The required copy runs from the first line of the material through the line containing "A white square", exactly as written and without pictures.

**Given data:**
== Segment start ==

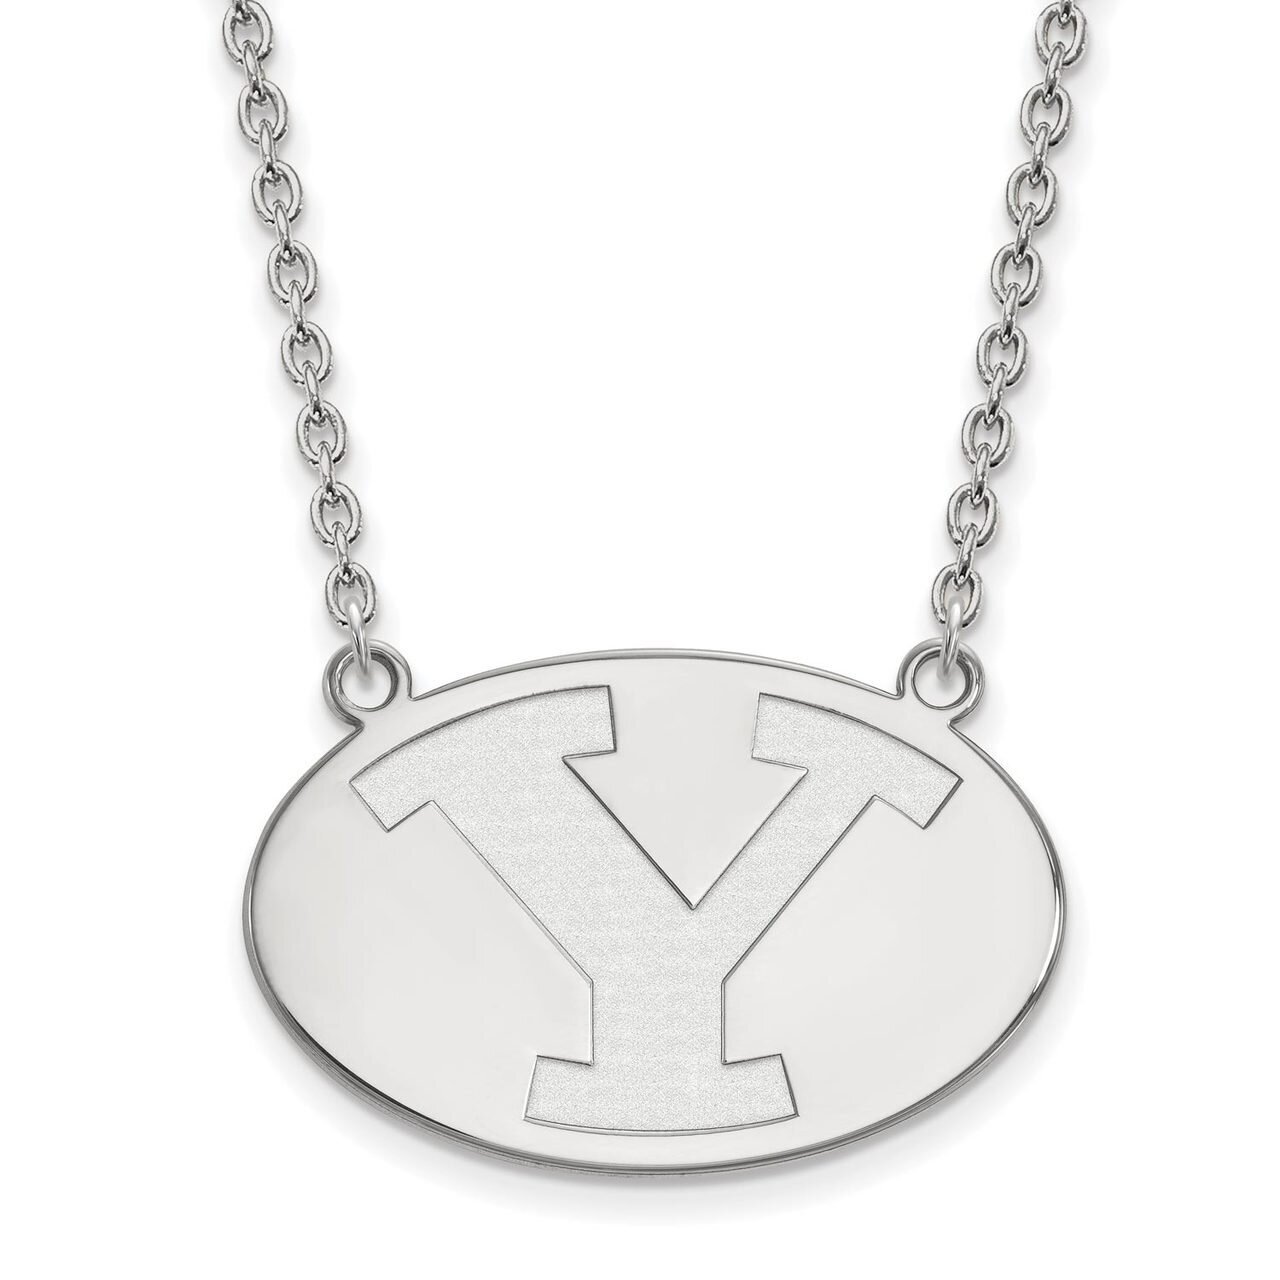 Brigham Young University Large Pendant with Chain Necklace 14k White Gold 4W010BYU-18
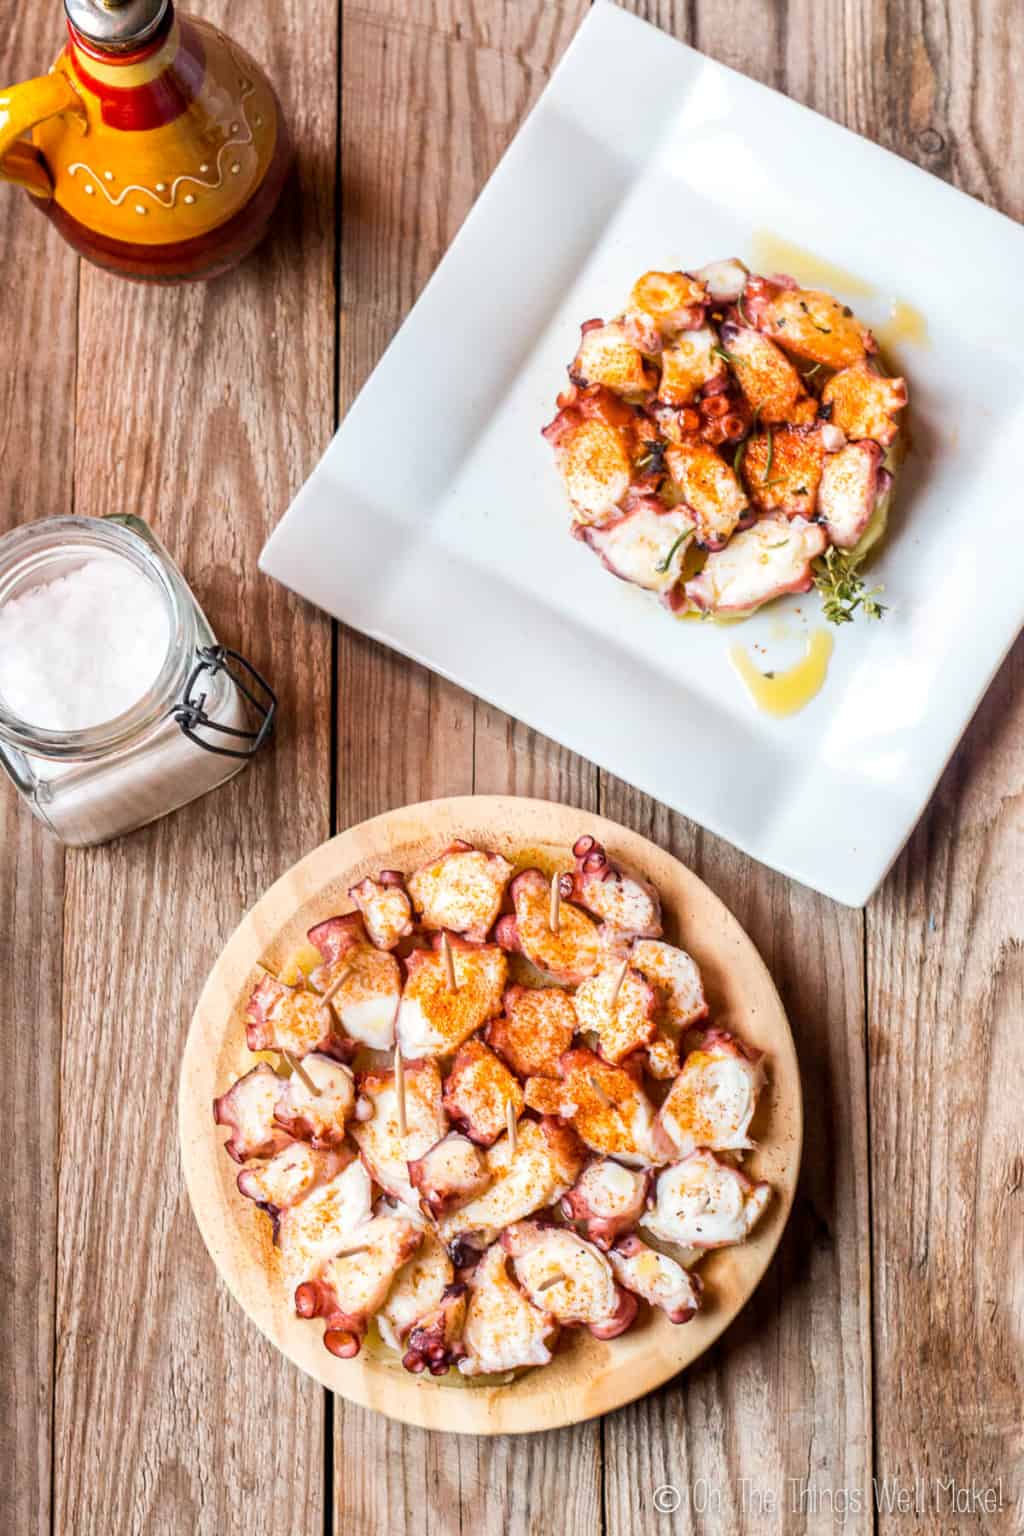 A white square plate with pulpo a la gallega, galician style octopus on top of slices of potato, garnished with paprika on the top. On the bottom is a circle plate full of pulpo a la gallega.
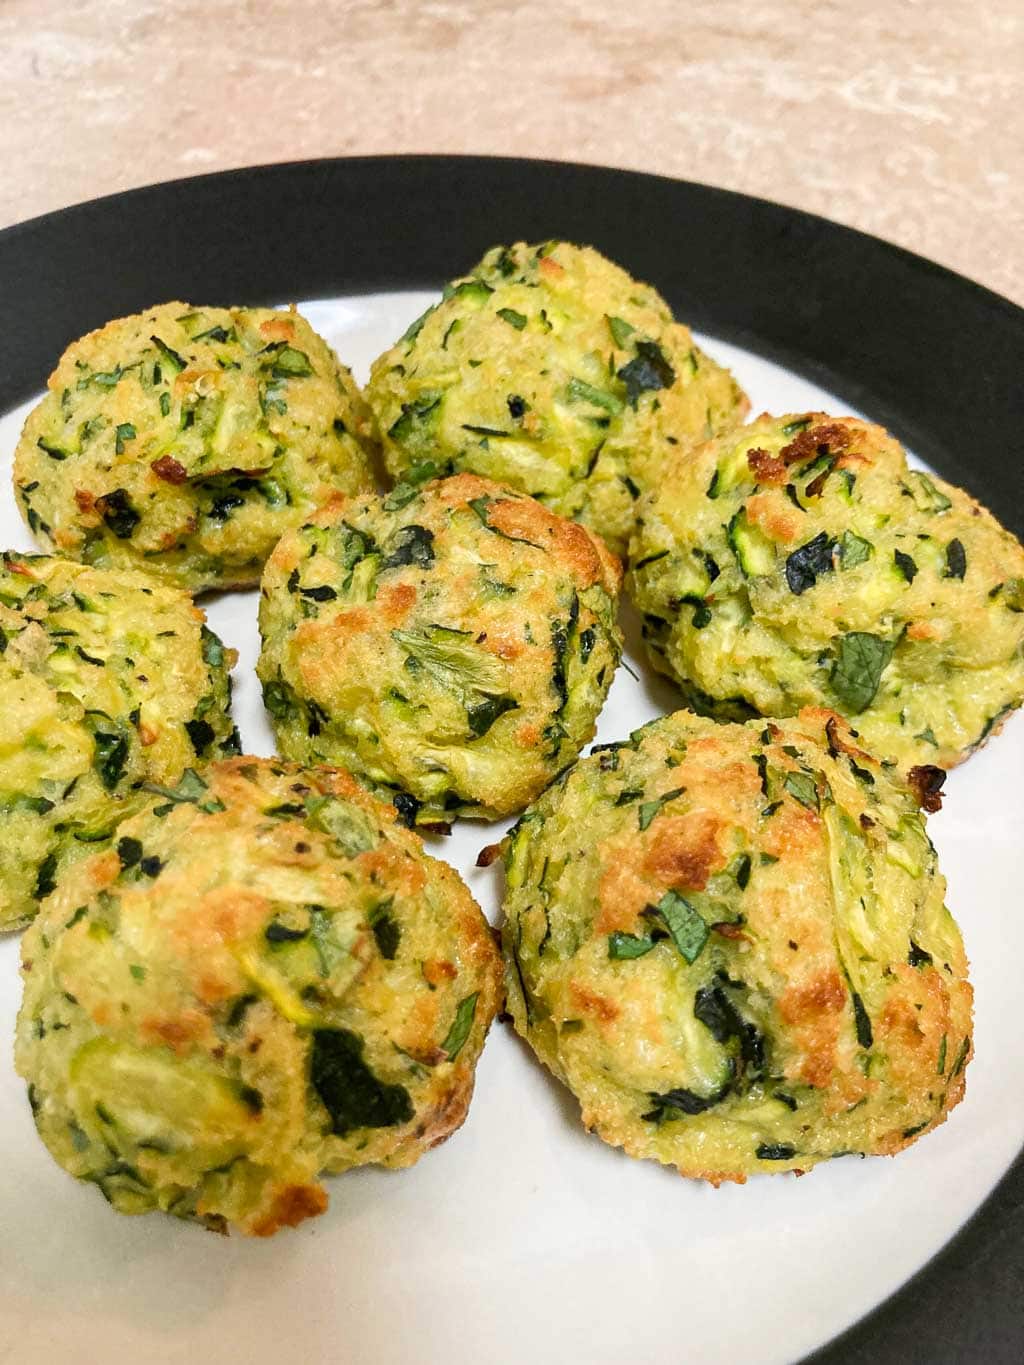 Baked zucchini summer squash balls on a plate

== Segment end ==

**Reply to the exercise:**
 Brigham Young University Large Pendant with Chain Necklace 14k White Gold 4W010BYU-18
 A white square plate with pulpo a la gallega, galician style octopus on top of slices of potato, garnished with paprika on the top. On the bottom is a circle plate full of pulpo a la gallega.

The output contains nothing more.